[Work to be completed]
Copy the data that follows, character for character, minus the pictures.

[Supplied material]
────────
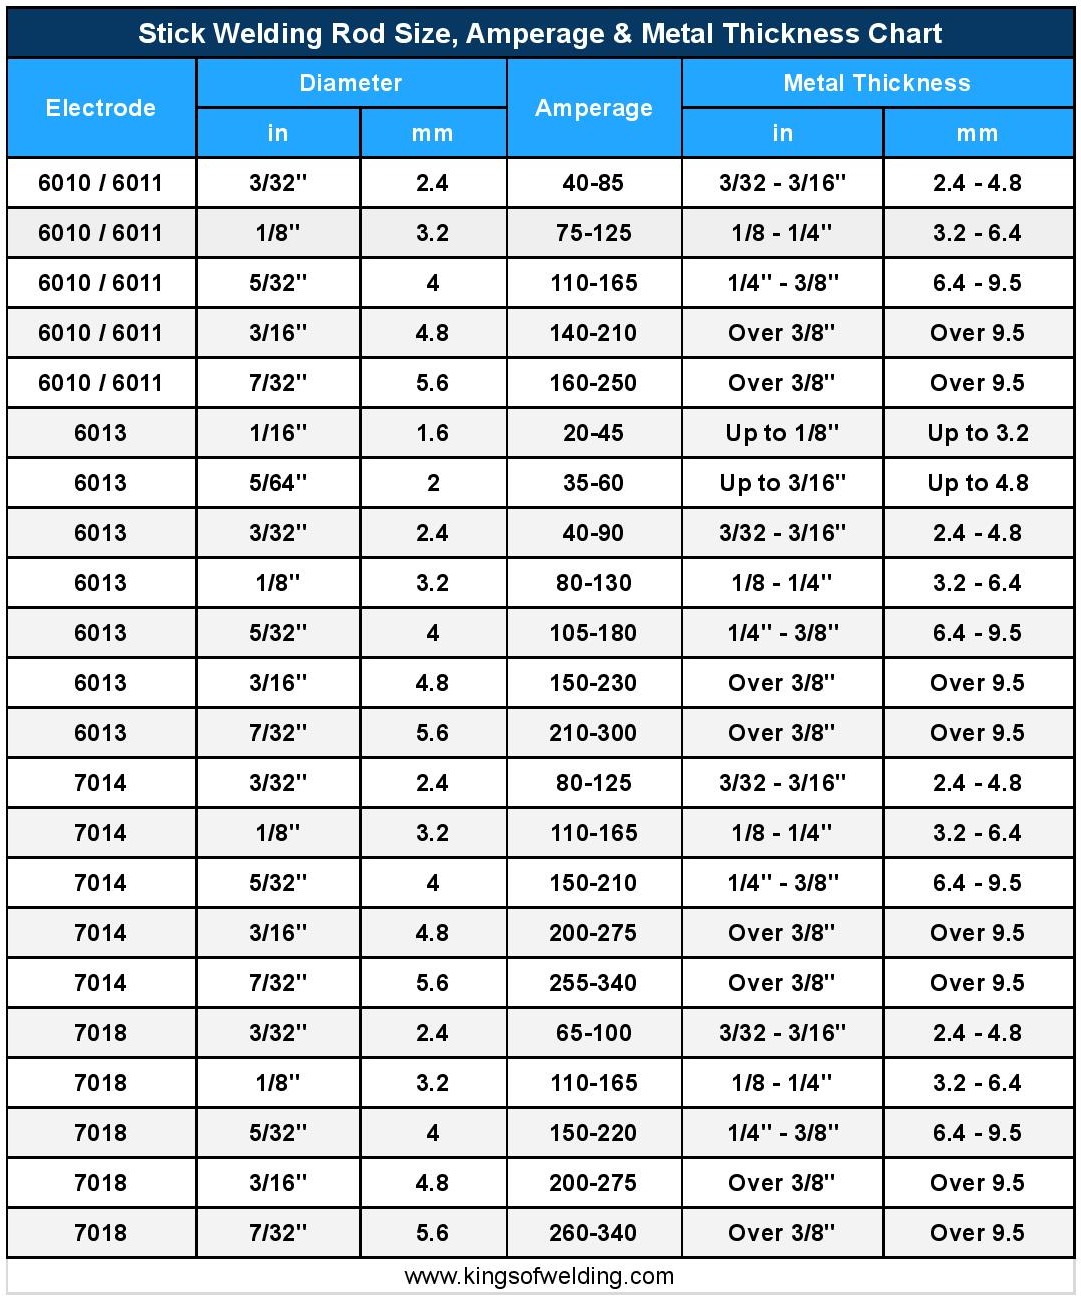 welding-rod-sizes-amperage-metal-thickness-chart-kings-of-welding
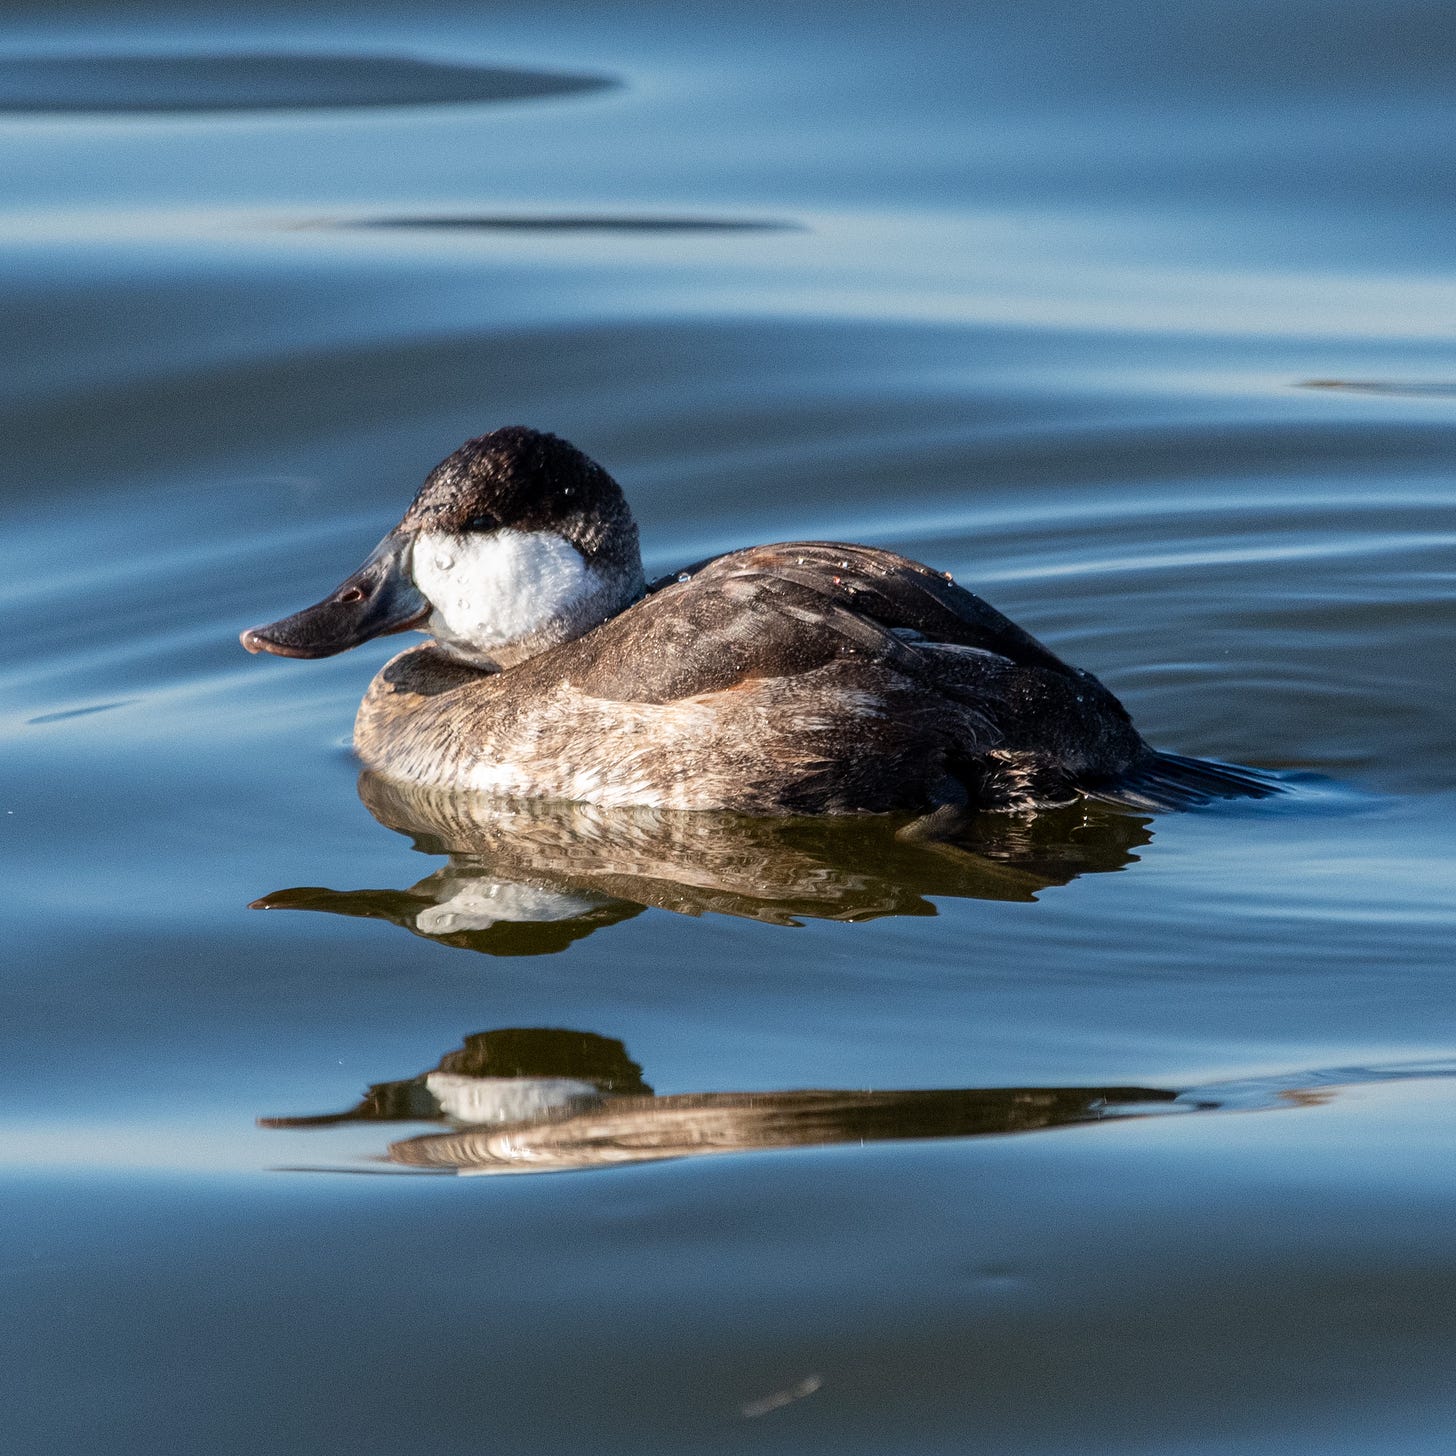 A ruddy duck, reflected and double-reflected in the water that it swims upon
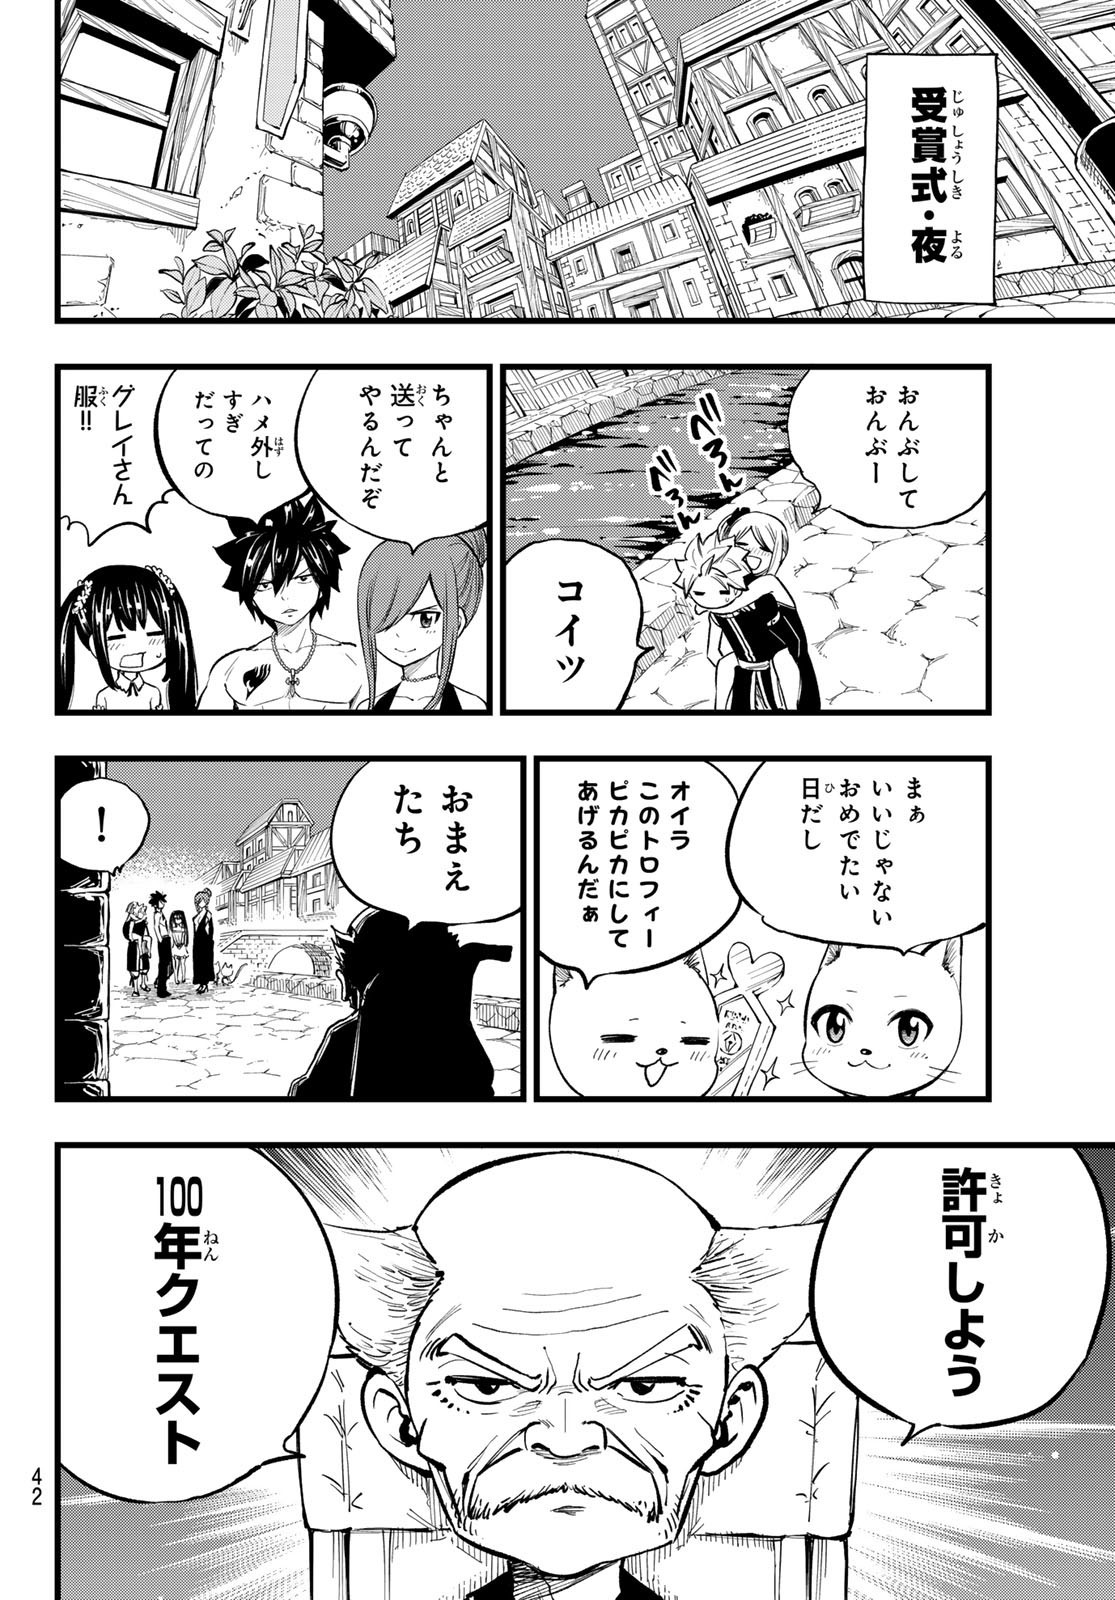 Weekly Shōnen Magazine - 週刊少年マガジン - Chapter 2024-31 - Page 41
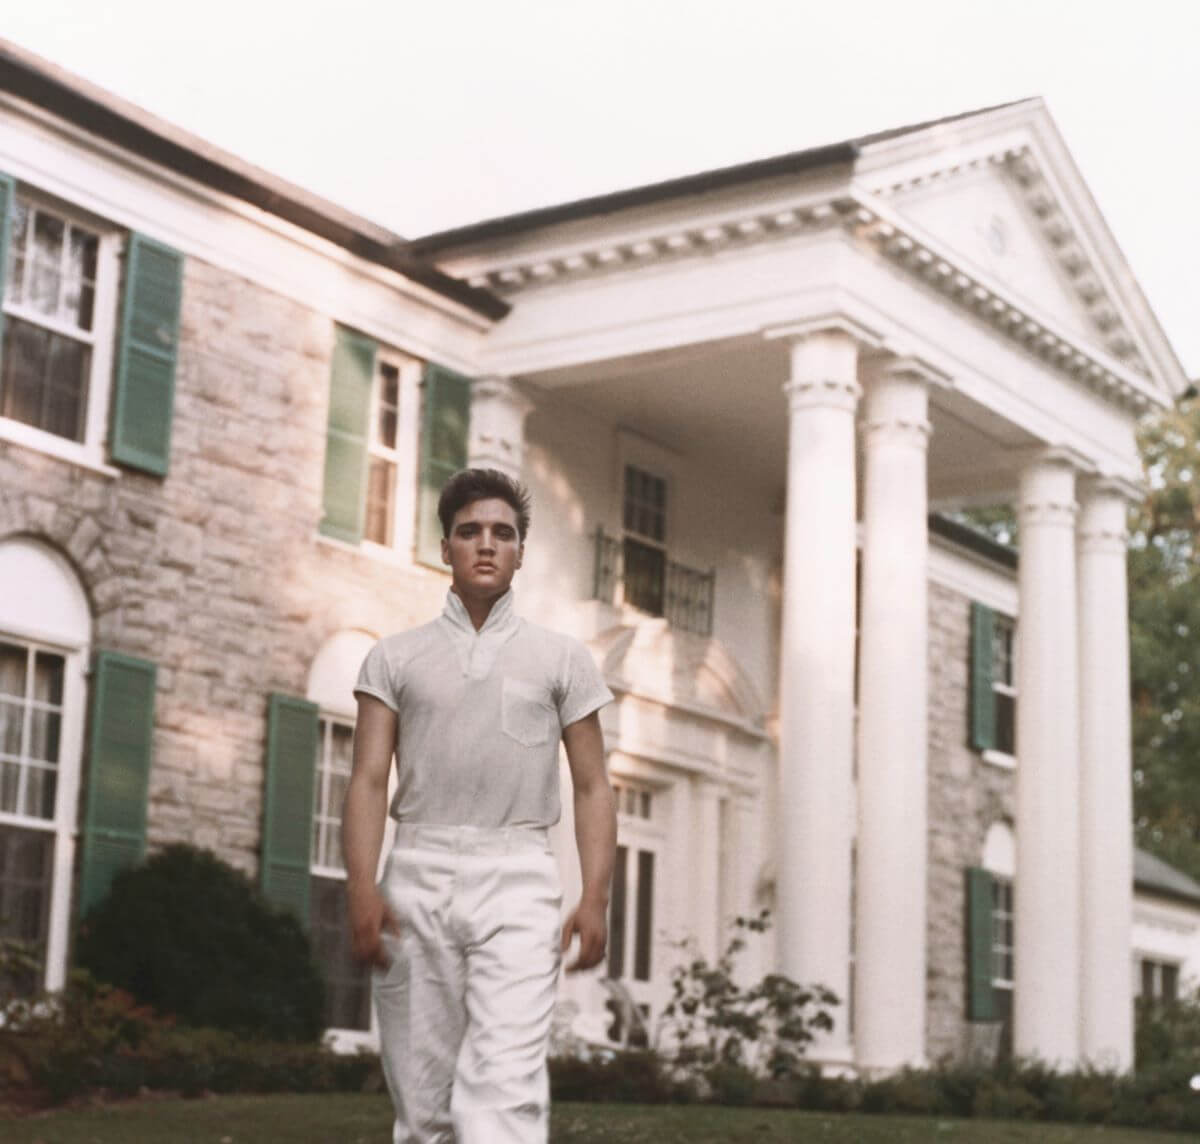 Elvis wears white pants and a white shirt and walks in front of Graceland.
────────
[Output of the exercise]
 welding-rod-sizes-amperage-metal-thickness-chart-kings-of-welding
 A ruddy duck, reflected and double-reflected in the water that it swims upon
 Weekly Shōnen Magazine - 週刊少年マガジン - Chapter 2024-31 - Page 41
 Elvis wears white pants and a white shirt and walks in front of Graceland.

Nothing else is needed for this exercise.